I might be wrong, but to me that could also mean that “we” (=Particle) wants the device to handshake once a week (for whatever purpose) but not necessarily that the device is made to do so by itself.
Which would line up with your experience that this does in fact not happen.

Maybe @rickkas7 has some insight on that.


#23

Hi folks, this thread was just brought to my attention.

Thanks for the great discussion, helpful use cases, justified and fair expressions of frustration, and concrete details of what you’ve tried. I have two follow-up notes on this thread.

  • A missing feature that is absolutely possible and on our roadmap but that we haven’t built yet is the ability to force a more immediate OTA update to devices in a product fleet from the console (instead of waiting for the next handshake). You can definitely expect this feature to be released in 2018, probably in the first half. (cc: product managers @jeiden @jberi)
  • Electron handshakes should happen at least once a week as documented. If a UDP device session were active more than a week after it was created, that would be a bug. I’ll make sure a :particle: engineer tests this and responds here in January. (cc: device team lead @mdma)
    • Edit: A separate bug would be if the console doesn’t show that a handshake has happened.

Cheers,
Zachary


#24

I just posted firmware issue 1453 for those interested in following along.


#25

Thanks Zachary!

Just an update on my end, we have handshakes happening now on every session when my devices connect even when we have it configured to happen in our code once per week (not sure if it’s just a firmware issue on my end or not - using what @ScruffR suggested).

Just to clarify one thing, my devices go to deep sleep and don’t stay connected, and then when they wake up, they don’t handshake once per week. I don’t have my devices continually connected to the network. This is probably useful for @jeiden and @jberi to know. @mdma I have some devices that haven’t performed a handshake in months. I’m not sure if it’s the console not showing it or not, but it really seems like it’s not handshaking at all.


#26

If you don’t mind, please PM me some device IDs that exhibit these behaviors.


Issues with Product firmware
#27

Hi all the code for forcing a handshake above doesn’t work for me.
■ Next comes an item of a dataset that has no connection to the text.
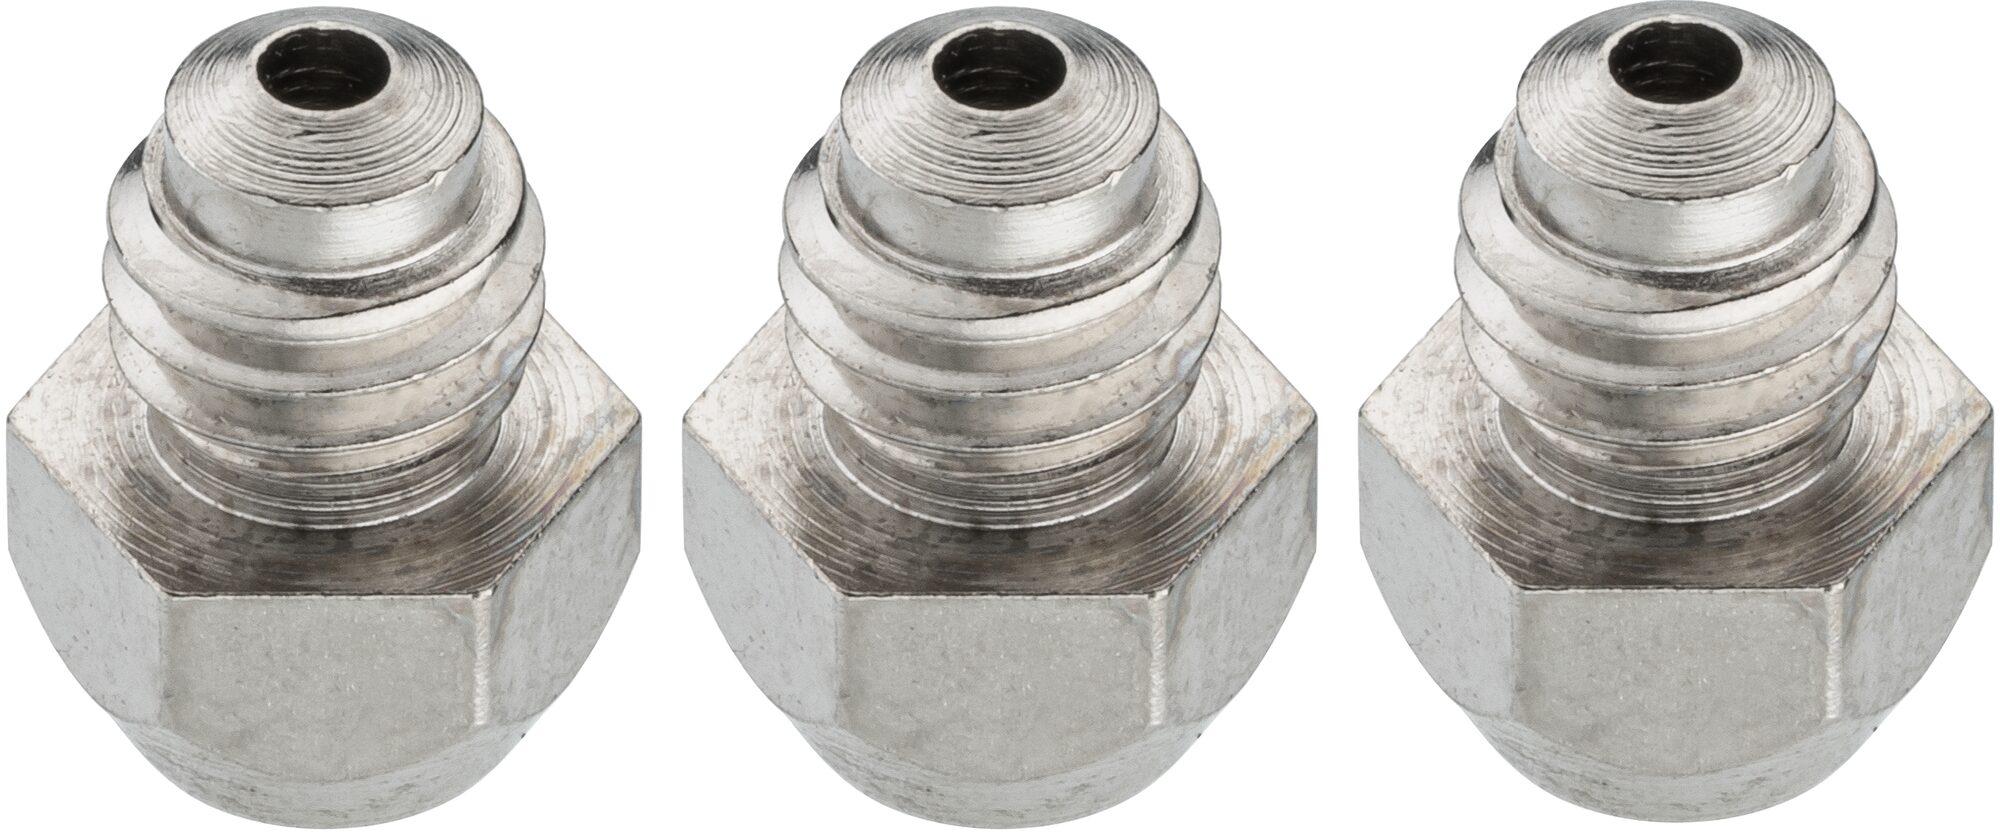 HAZET Mundstück ∙ 3,2mm (1⁄8″) 9037SPC-016/3

I have major issues getting the devices to remain connected, I need to sync the time. My devices are online all the time (they never sleep) and basically they go deaf.

I can still reset them remotely via a function call, however they never complete a handshake, and therefore never get an OTA or sync the time.

I have had to revert to using a roll-your-own NTP server to get the time reliably. Anyway, as part of this I thought I would try and sort the OTA, by doing the “phantom subscription” everytime I do a time sync.

The code below, should have updated the web console with a new value for the “last handshake” but it doesn’t.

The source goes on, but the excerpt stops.